Just a few years ago, tech companies were minor players in energy, making investments in solar and wind farms to rein in their growing carbon footprints and placate customers concerned about climate change. But now, they are changing the face of the U.S. power industry and blurring the line between energy consumer and energy producer. They have morphed into some of energy’s most dominant players.

They have set up subsidiaries that invest in power generation and sell electricity. Much of the energy they produce is bought by utilities and then delivered to homes and businesses, including the tech companies themselves.
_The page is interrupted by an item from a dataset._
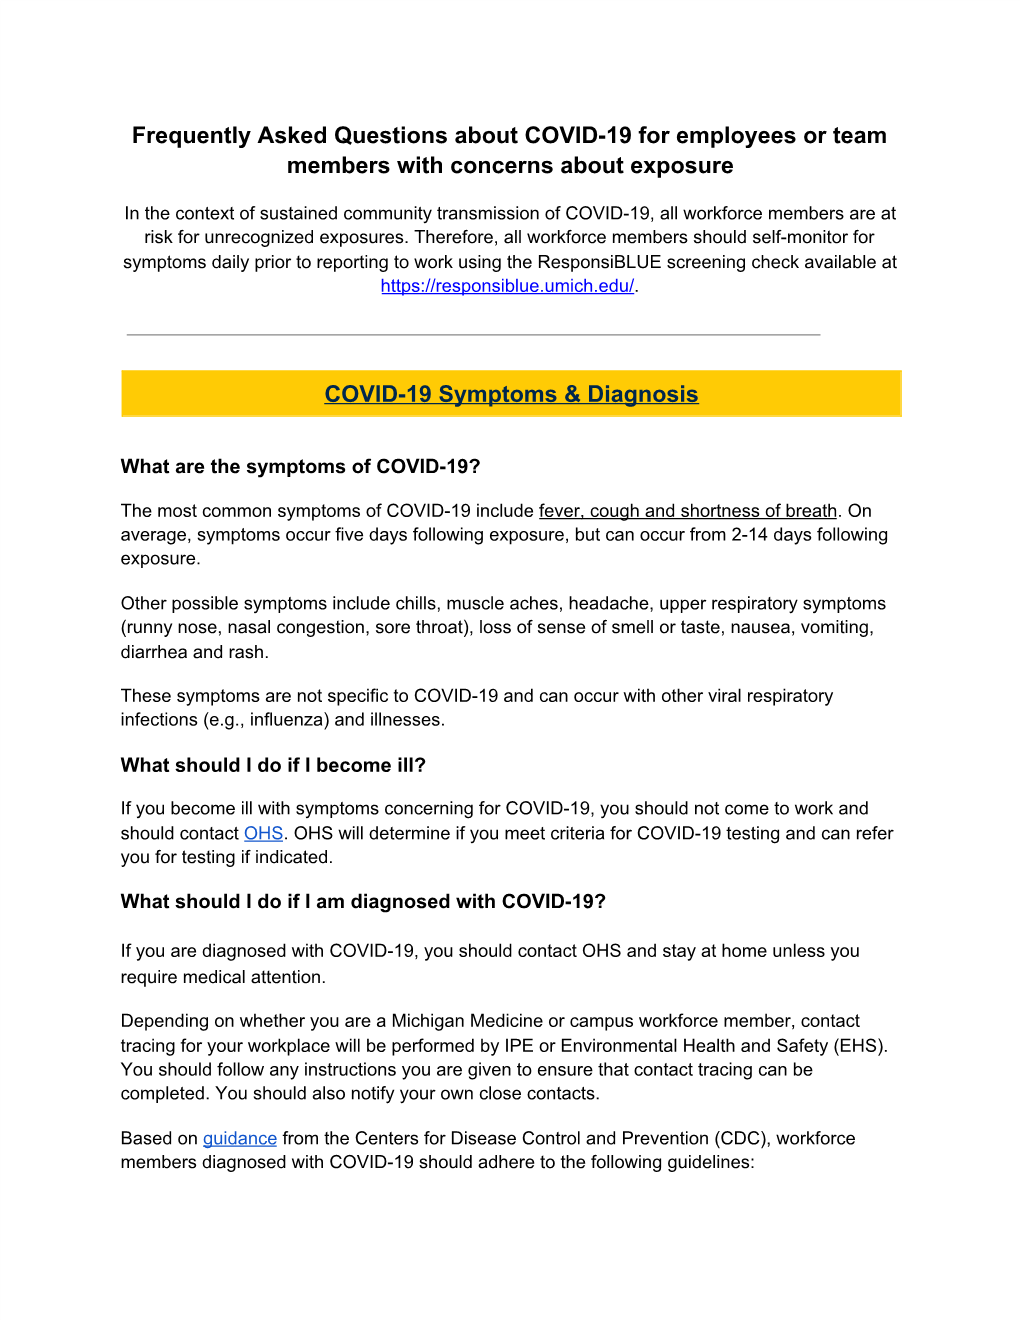 Frequently Asked Questions About COVID-19 for Employees Or Team Members with Concerns About Exposure COVID-19 Symptoms &

Their operations and investments dwarf those of many traditional utilities.

But the tech industry’s all-out artificial intelligence push is fueling soaring demand for electricity to run data centers that dot the landscape in Virginia, Ohio and other states. Large, rectangular buildings packed with servers consumed more than 4 percent of the nation’s electricity in 2023, and government analysts estimate that will increase to as much as 12 percent in just three years. That’s partly because computers training and running A.I. systems consume far more energy than machines that stream Netflix or TikTok.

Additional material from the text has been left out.